Hence, it is unnecessary to specify the ``--hostfile``,
``--host``, or ``-n`` options to ``mpirun``.

.. note:: Using ``mpirun`` is the recommended method for launching Open
   MPI jobs in Slurm jobs.

   ``mpirun``'s Slurm support should always be available, regardless
   of how Open MPI or Slurm was installed.

For example:

.. code-block:: sh

   # Allocate a Slurm job with 4 slots
   shell$ salloc -n 4
   salloc: Granted job allocation 1234

   # Now run an Open MPI job on all the slots allocated by Slurm
   shell$ mpirun mpi-hello-world

This will run the 4 MPI processes on the node(s) that were allocated
by Slurm.

Or, if submitting a script:

.. code-block:: sh

   shell$ cat my_script.sh
   #!/bin/sh
   mpirun mpi-hello-world
   shell$ sbatch -n 4 my_script.sh
   srun: jobid 1235 submitted
   shell$

Similar to the ``salloc`` case, no command line options specifying
number of MPI processes were necessary, since Open MPI will obtain
that information directly from Slurm at run time.

Using Slurm's "direct launch" functionality
-------------------------------------------

Assuming that Slurm was configured with its PMIx plugin, you can use
``srun`` to "direct launch" Open MPI applications without the use of
Open MPI's ``mpirun`` command.

First, you must ensure that Slurm was built and installed with PMIx
support.  This can determined as shown below:

.. code-block:: sh

   shell$ srun --mpi=list
   MPI plugin types are...
	none
	pmi2
	pmix
   specific pmix plugin versions available: pmix_v4

The output from ``srun`` may vary somewhat depending on the version of Slurm installed.
If PMIx is not present in the output, then you will not be able to use srun
to launch Open MPI applications.

.. note:: PMI-2 is not supported in Open MPI 5.0.0 and later releases.

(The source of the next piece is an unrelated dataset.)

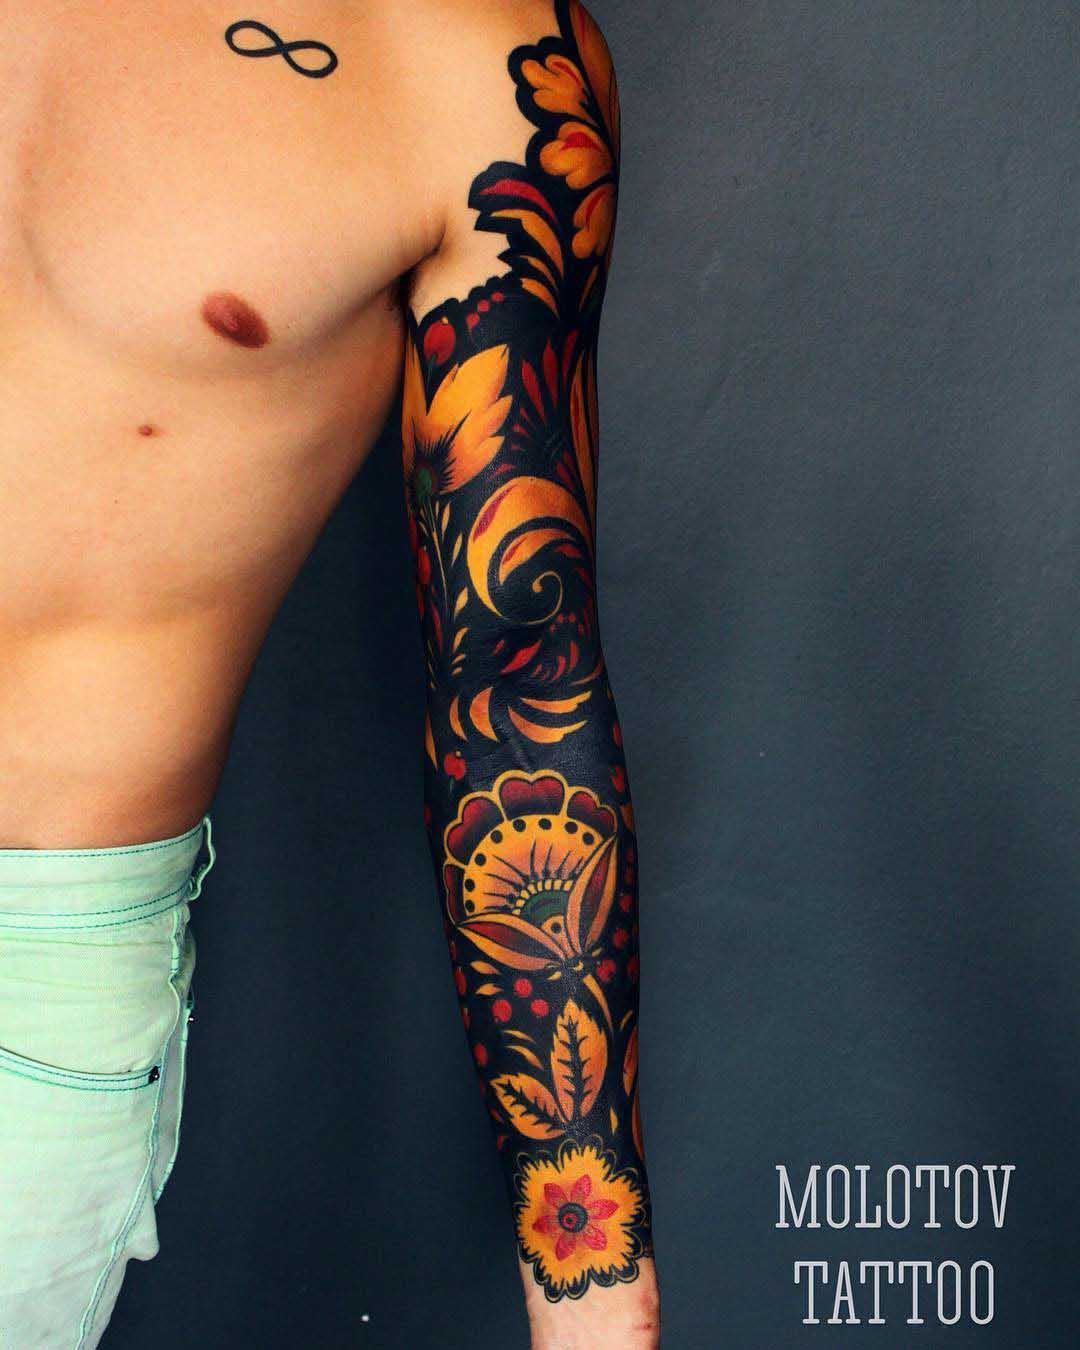 Super cool russian ornament sleeve tattoo it definitely reminds me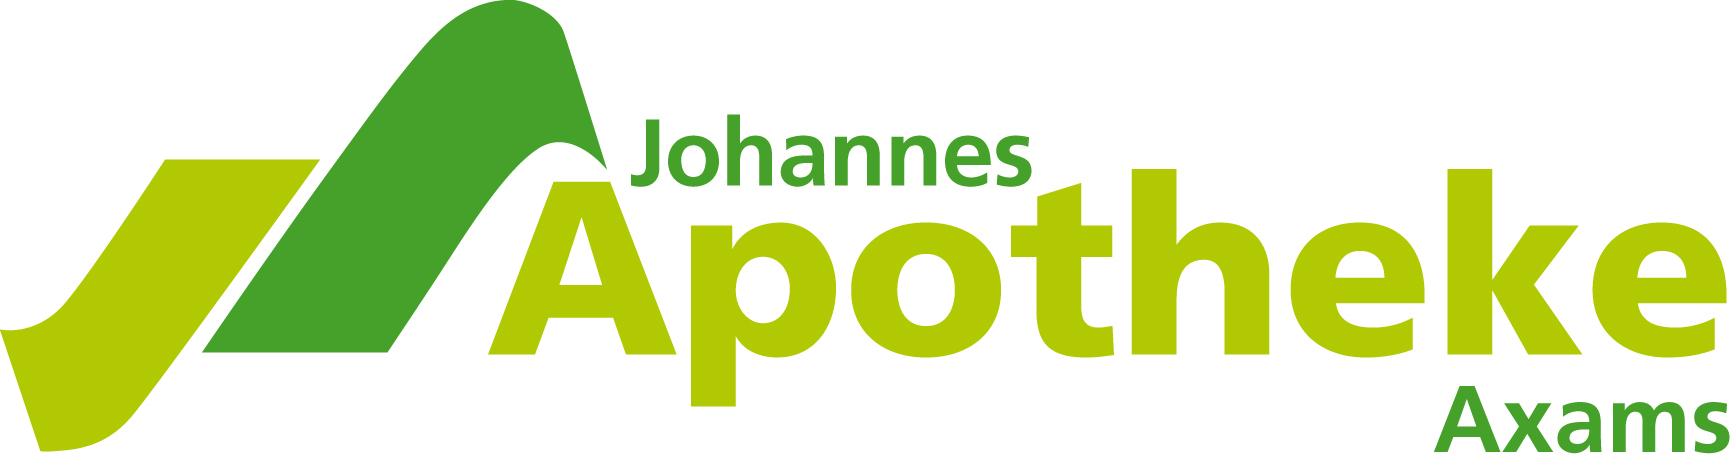 Johannes Apotheke Axams

Provided the Slurm installation includes the PMIx plugin, Open MPI applications 
can then be launched directly via the ``srun`` command.  For example:

.. code-block:: sh

   shell$ srun -N 4 --mpi=pmix mpi-hello-world

Or you can use ``sbatch`` with a script:

.. code-block:: sh

   shell$ cat my_script.sh
   #!/bin/sh
   srun --mpi=pmix mpi-hello-world
   shell$ sbatch -N 4 my_script.sh
   srun: jobid 1235 submitted
   shell$

Similar using ``mpirun`` inside of an ``sbatch`` batch script, no
``srun`` command line options specifying number of processes were
necessary, because ``sbatch`` set all the relevant Slurm-level
parameters about number of processes, cores, partition, etc.

Slurm 20.11
-----------

There were some changes in Slurm behavior that were introduced in
Slurm 20.11.0 and subsequently reverted out in Slurm 20.11.3.

SchedMD (the makers of Slurm) strongly suggest that all Open MPI users
avoid using Slurm versions 20.11.0 through 20.11.2.

Indeed, you will likely run into problems using just about any version
of Open MPI these problematic Slurm releases.

.. important:: Please either downgrade to an older version or upgrade
               to a newer version of Slurm.